Records shown: Begin

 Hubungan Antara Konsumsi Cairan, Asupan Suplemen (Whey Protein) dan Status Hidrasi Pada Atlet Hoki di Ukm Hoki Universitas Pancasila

Records shown: End
Records shown: Begin

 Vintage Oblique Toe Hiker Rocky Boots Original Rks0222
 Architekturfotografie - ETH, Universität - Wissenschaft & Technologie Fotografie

Records shown: End

§ **Goal of the exercise**
From the data above, return every line from the line that has "Vintage Oblique Toe" up to and including the line that has "Architekturfotografie - ETH, Universität", exactly.

§ **Answer area**
 Vintage Oblique Toe Hiker Rocky Boots Original Rks0222
 Architekturfotografie - ETH, Universität - Wissenschaft & Technologie Fotografie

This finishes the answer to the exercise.